RAW DATA
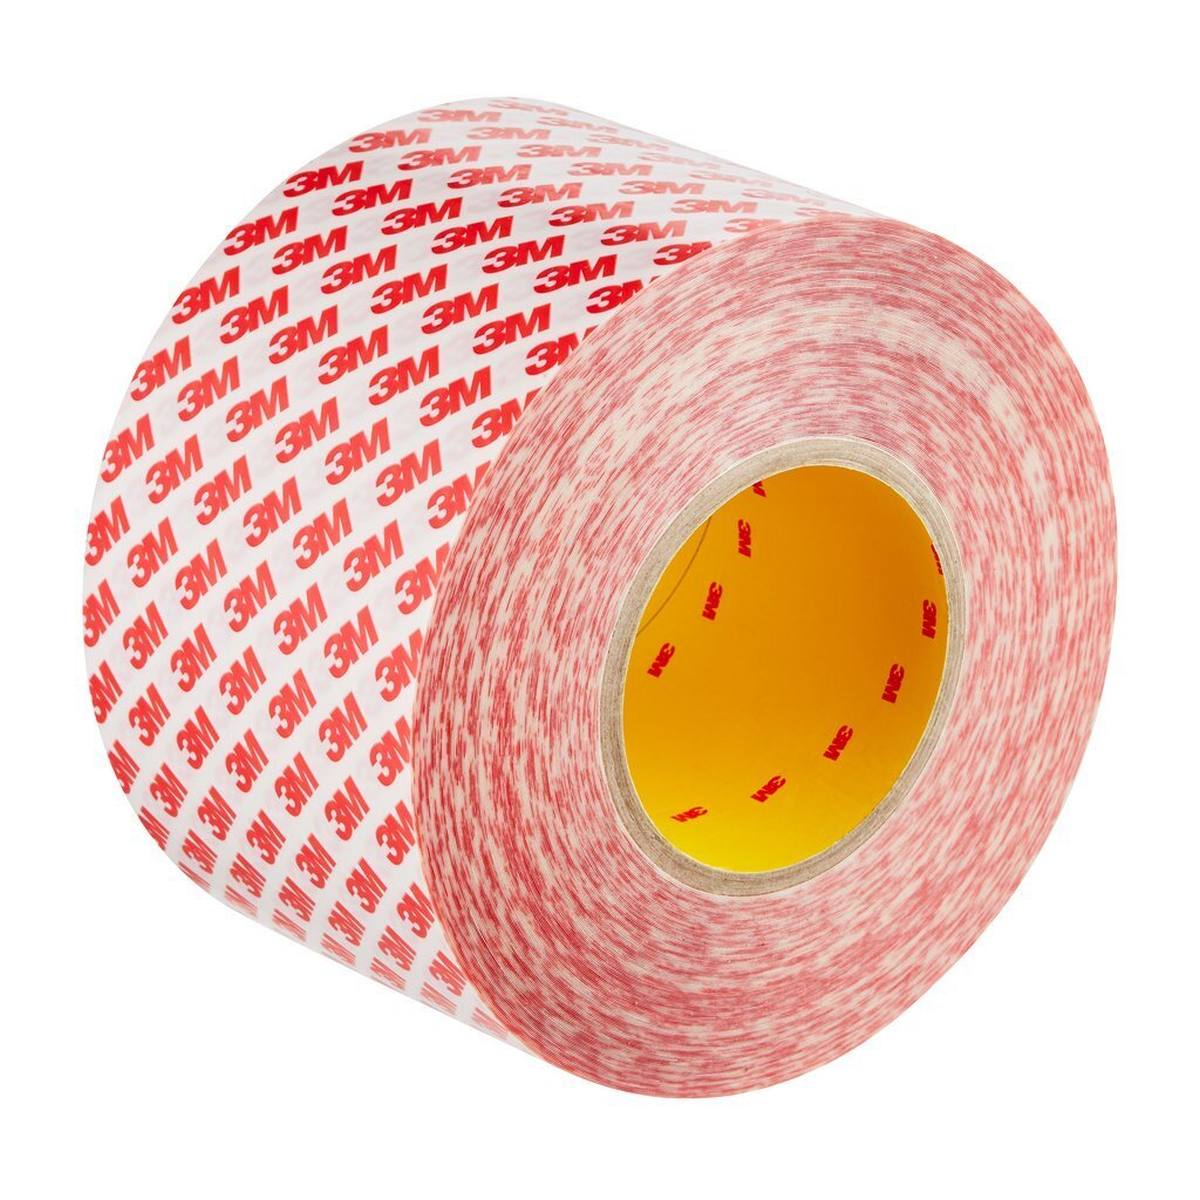 3M Double-sided adhesive tape with polyester backing GPT-020F, transparent, 100 mm x 50 m, 0.202 mm
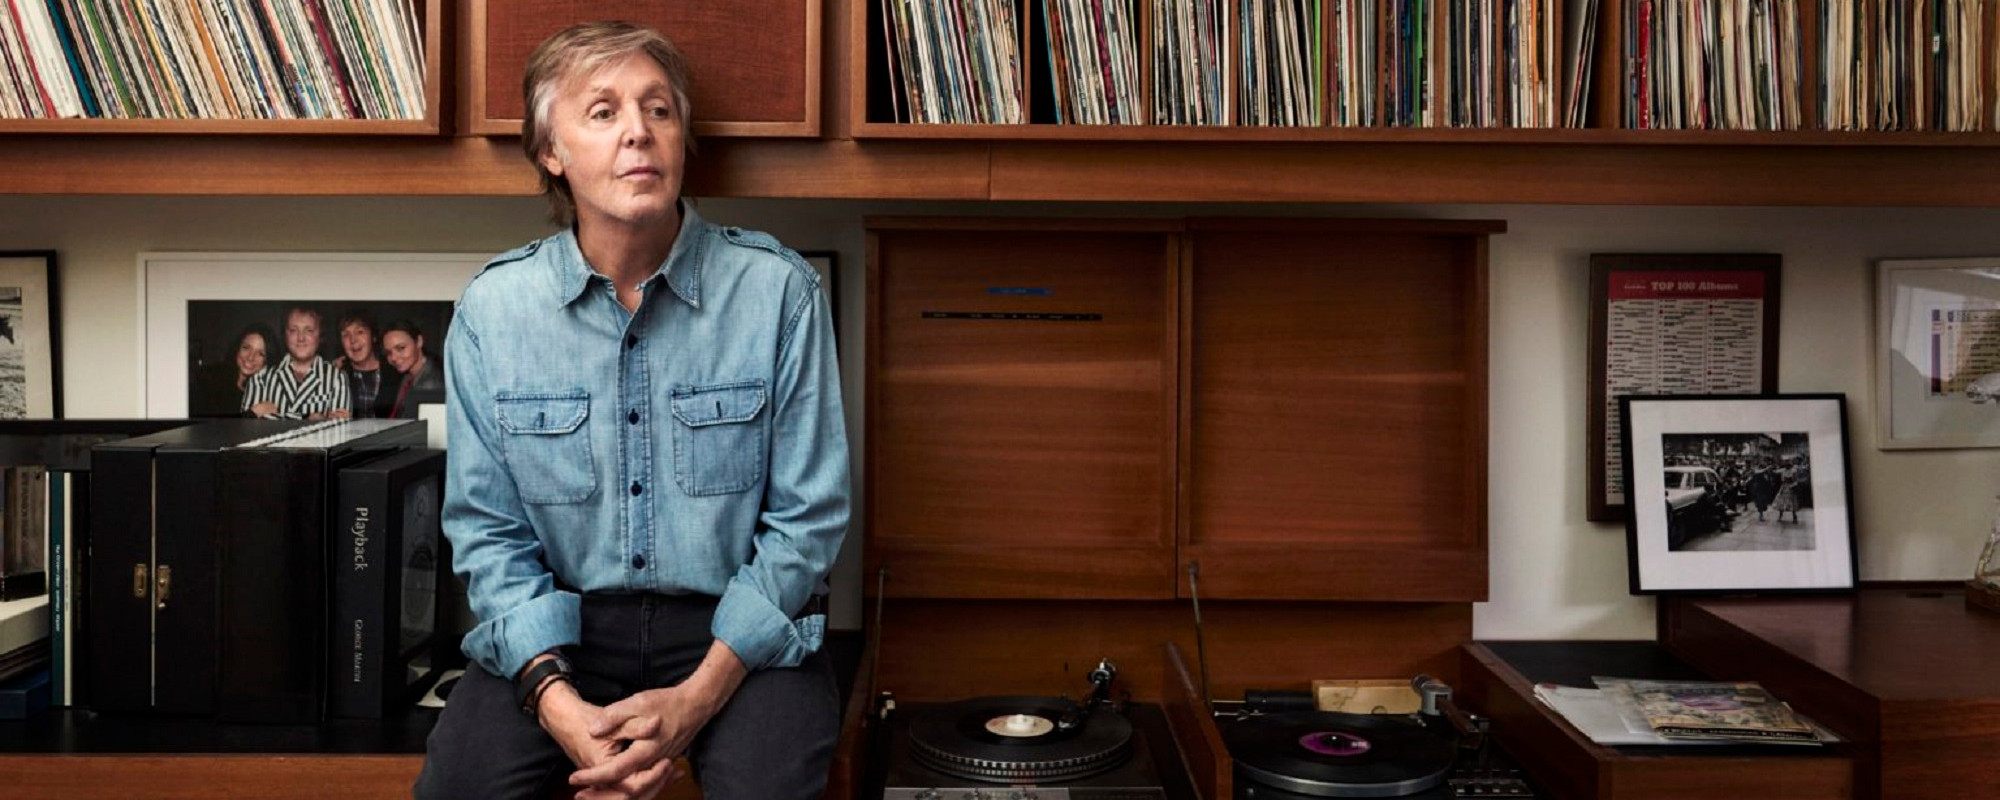 MusiCares Charity Auction Features Collectibles from Paul McCartney, Christine McVie, Slash & More
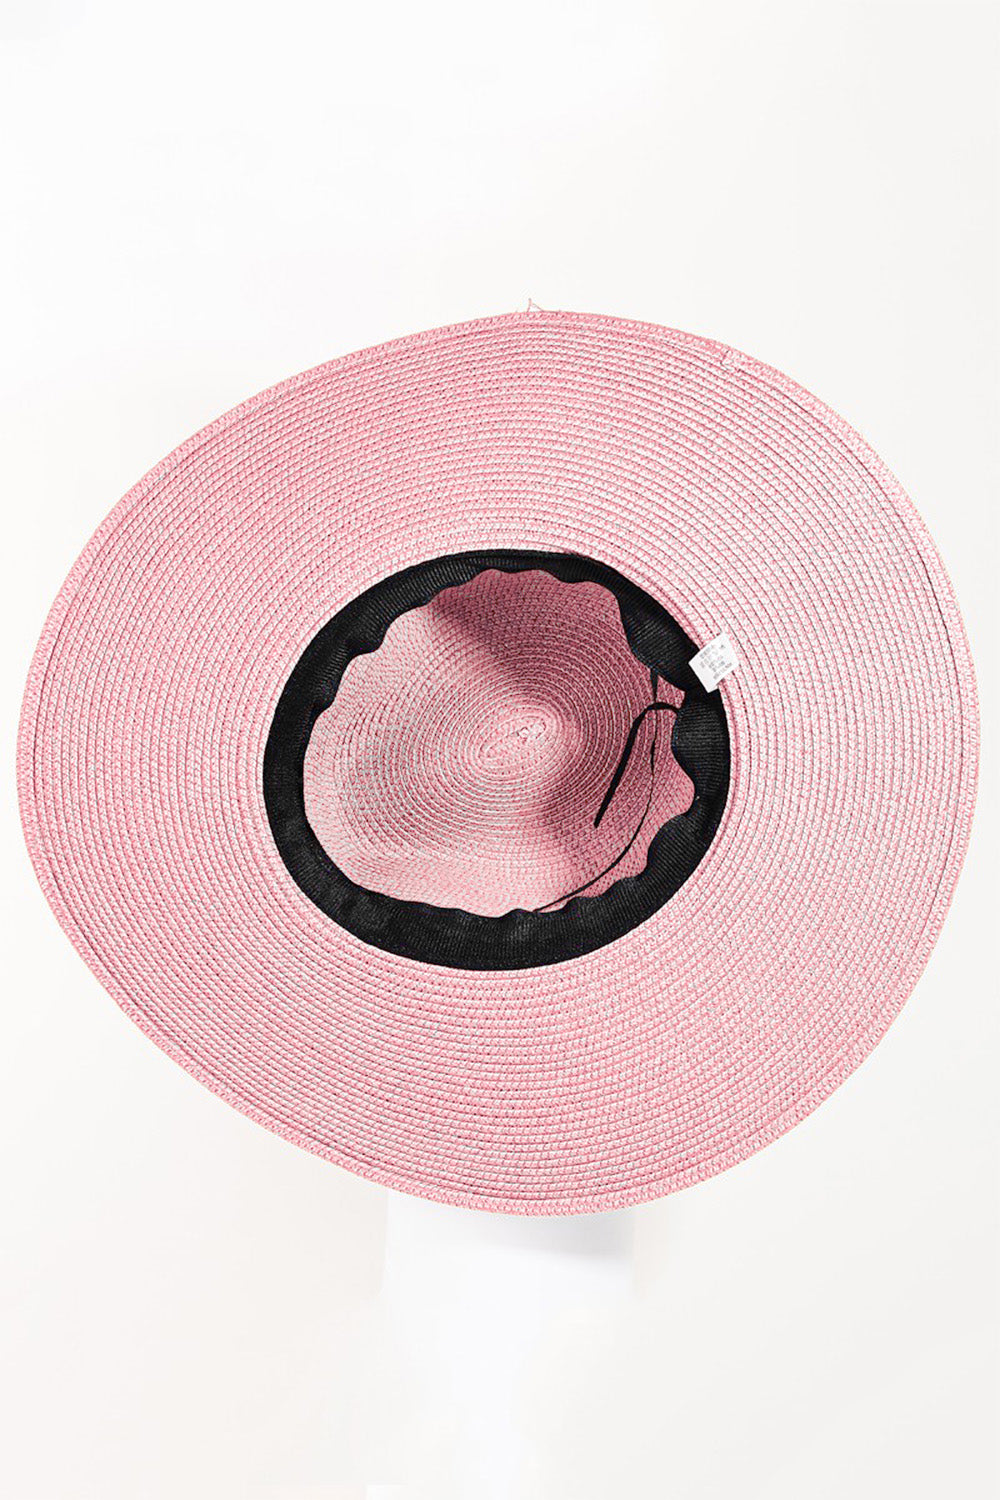 Pink Color Braided Rope Strap Fedora Hat

BRIEF
All the lines above should be reproduced exactly, and none of the pictures.

REPLY
 3M Double-sided adhesive tape with polyester backing GPT-020F, transparent, 100 mm x 50 m, 0.202 mm
 MusiCares Charity Auction Features Collectibles from Paul McCartney, Christine McVie, Slash & More
 Pink Color Braided Rope Strap Fedora Hat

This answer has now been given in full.